It is known that when lubricating oils are placed under extreme use conditions such as are encountered, for example, in gearboxes, differentials and gears of all kinds, especially in motor vehicles, the viscosity improvers incorporated in these oils are subjected to high shear stresses which cause them to lose their properties at least partially and which consequently lead to losses in viscosity in the lubricating oils.

These losses in viscosity are of two types: they are, on the one hand, temporary losses in viscosity and, on the other hand, irreversible losses in viscosity.

Temporary losses in viscosity are observed during operation; they arise from the aligning of the macromolecular chains which takes place in the shear field, and are reversible. Irreversible losses in viscosity are due to scissions of the macromolecular chains (D.E. Hillman, P.R. Marris, J.I. Paul and D. Pickles - Institute of Petroleum, vol. 008, 1977).

Users of the oils of the kind in question are increasingly demanding and want the irreversible losses in viscosity, in other words the number of scissions of the macromolecular chains, to be as small as possible.

To characterize the shear strength of a viscosity improver, a strength which is proportionately greater the lower the irreversible losses in viscosity of a lubricating oil treated with this additive, use is made of the following tests, according to which the said additive, which is predissolved in a formulating oil, is subjected to high shear stresses with the aid of a shearing tool.

In general, use is made of two types of tools, the use of which then characterizes the test. In the first case this is a system of toothed wheels contained by a

"FZG" machine and, in the other case, this is a bearing system with frustoconical needles contained in a "VKA" machine.

In the first case, consequently, reference will be made to the "FZG" shear strength established by the standard CEC-L-37-T-85 and, in the second, to "VKA" shear strength determined according to standard VW 1437 or CEC PT-6.

Procedure CEC-L-37-T-85 is a test procedure promulgated by the Coordinating European Council (CEC) for the Development of Performance Tests for Lubricants and Engine Fuels. This procedure is used to determine shear stability of polymer-containing oils employing the FZG (Forschungsstelle fϋr Zahnraderund Getriebebau) apparatus. Specifically, the purpose of the test is to determine the permanent viscosity loss of polymer- containing oils when a sample is mechanically stressed under the test conditions described.

Special gear wheels are run in the lubricant under test in a dip lubrication system at constant speed for a fixed time. The bulk oil temperature is controlled and the loading of the gear teeth is set according to the procedure.

At the end of the test period the oil is assessed for permanent viscosity loss and the difference in viscosity between the new and sheared oil is used to characterize the shear stability of the oil. The FZG gear test rig consists of drive and test gearing connected by two shafts. One shaft has a positive clutch for the application of the load.

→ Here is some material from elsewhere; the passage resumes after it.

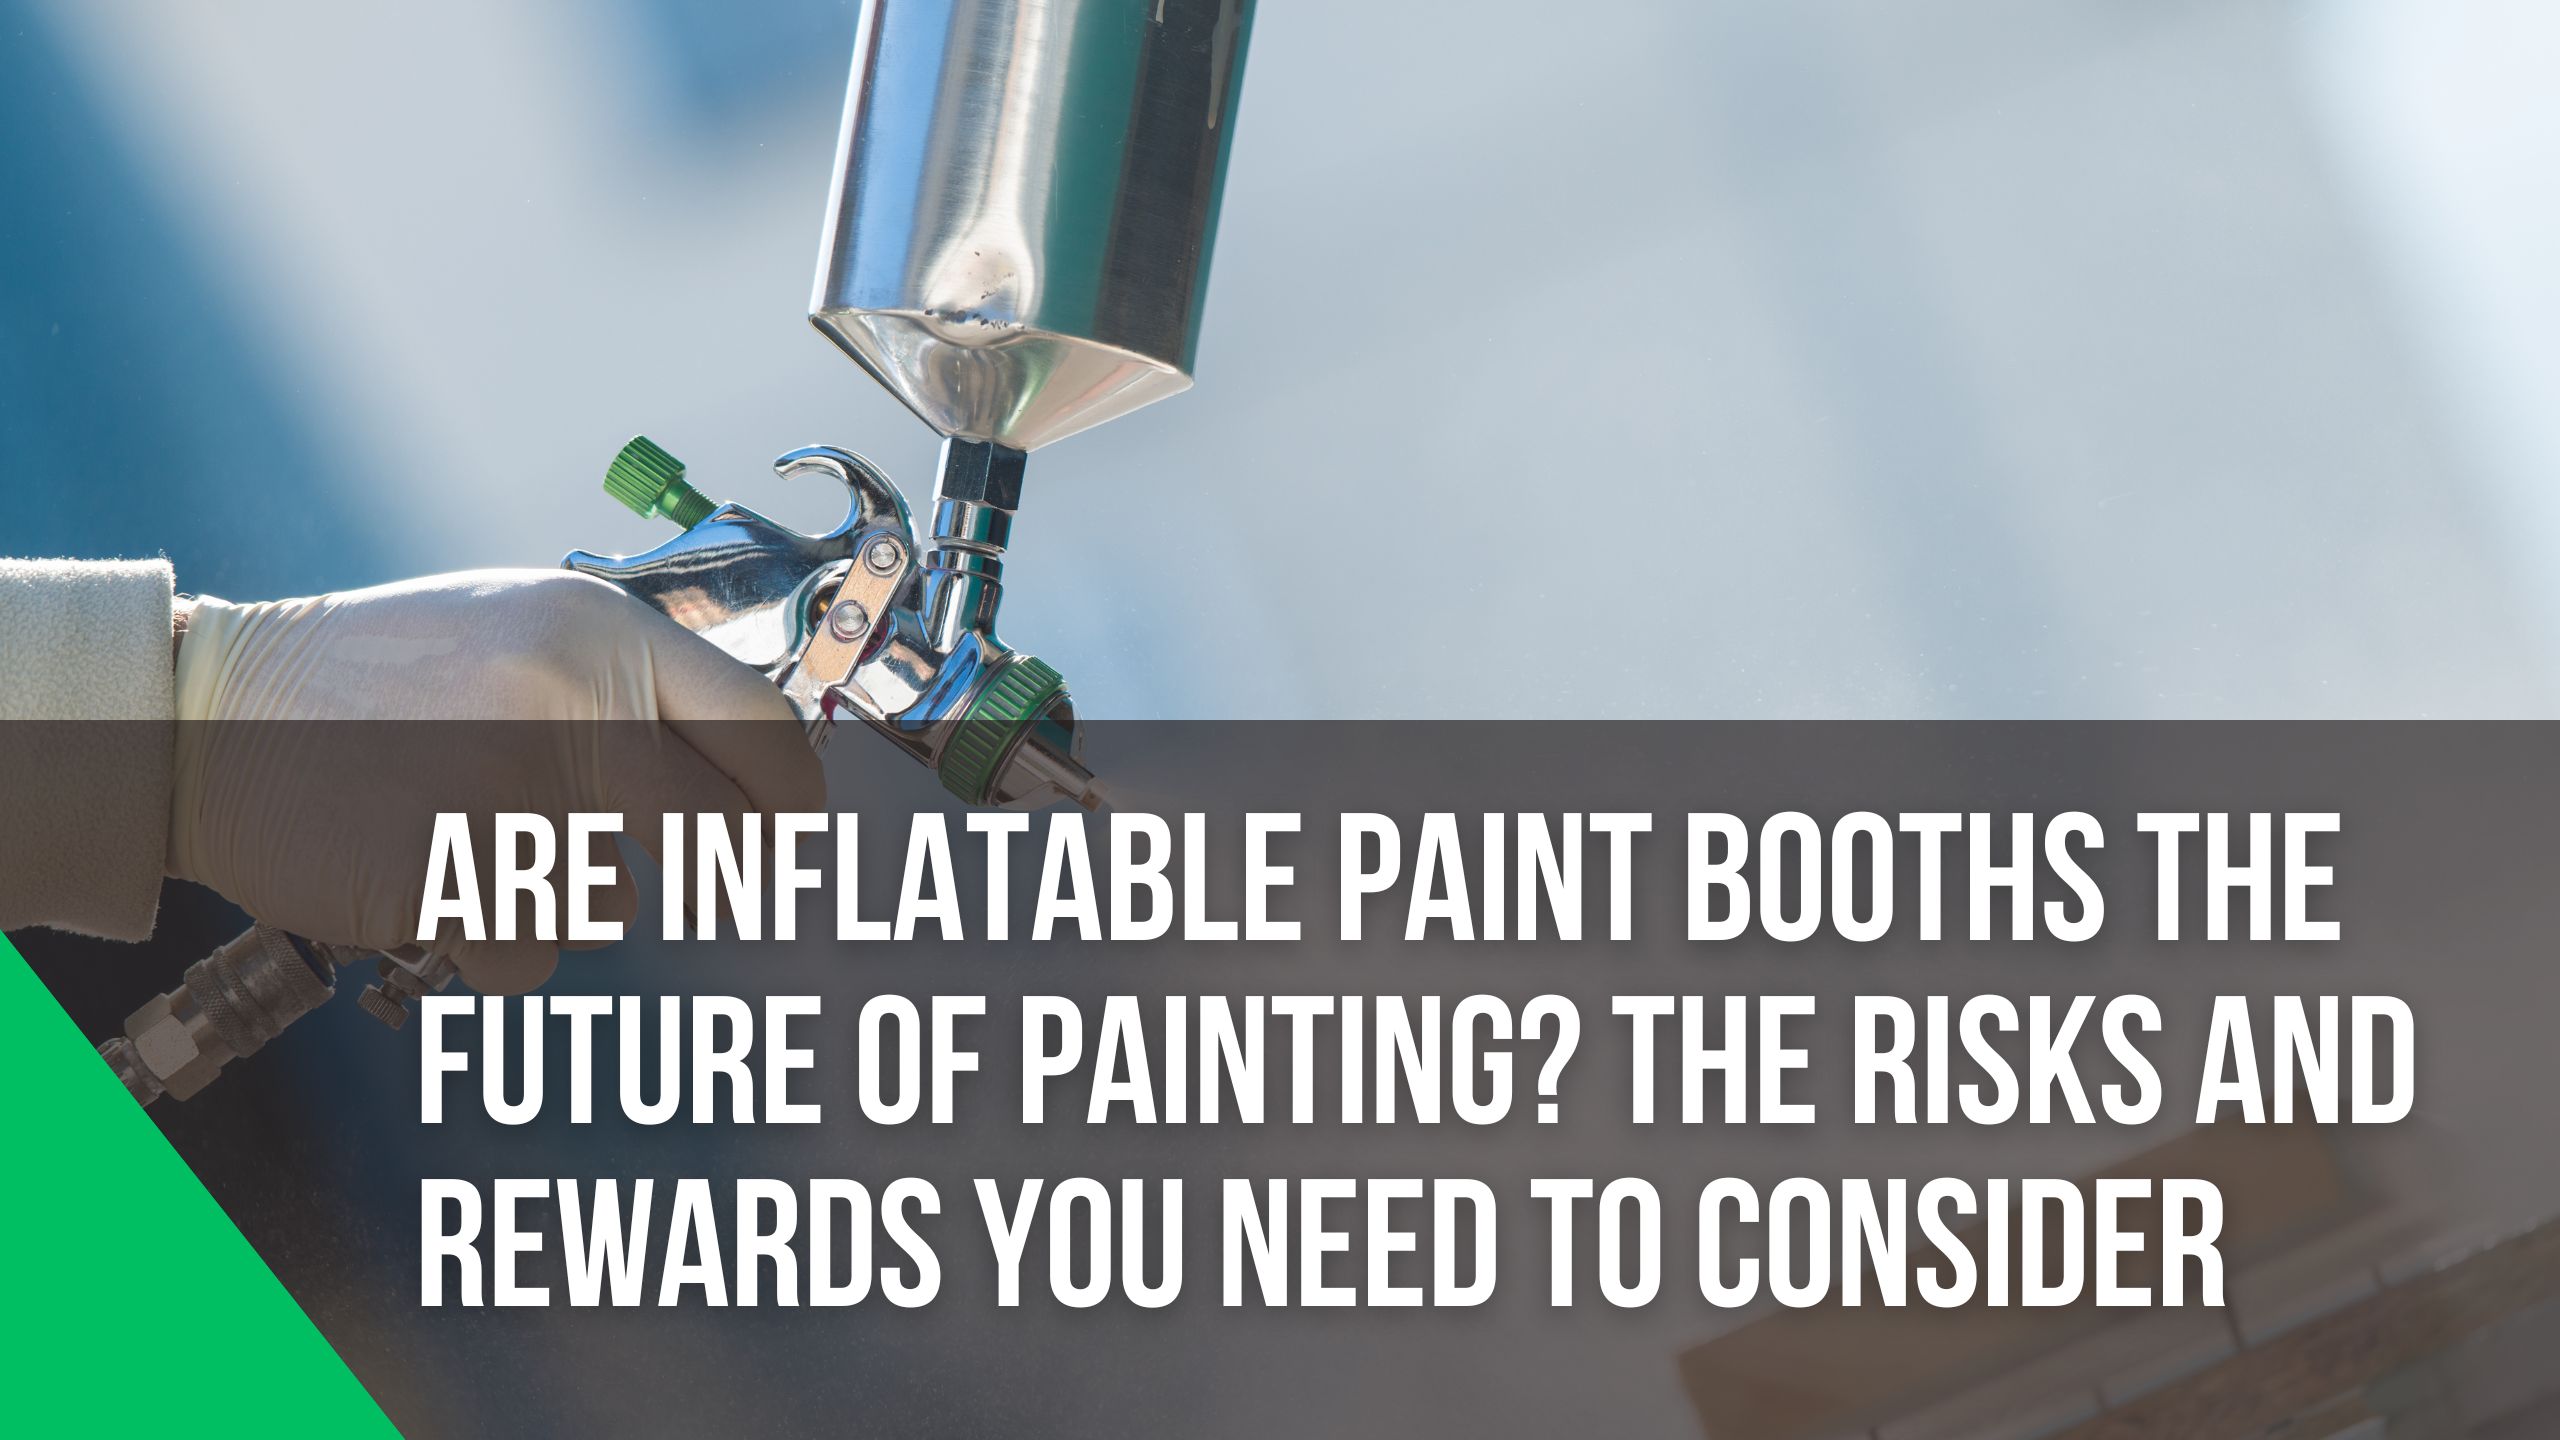 ventajas y desventajas de la cabina de pintura inflable

The test gear case contains a system for heating the test oil and a water-cooled coil to assist in cooling the test oil. A temperature sensor controls the heating system according to the preset temperature. The test rig is powered by a two speed electric motor at speeds of approximately 1500/3000 rpm.

A sequence of operations is conducted wherein the test lubricant is subjected to the FZG test for 7.5 minutes each at load stages 1-4 followed by

19.5 hours at load stage 5, all at 90°C. The kinematic viscosity of the test oil is measured and the loss of viscosity is reported as percentage viscosity loss.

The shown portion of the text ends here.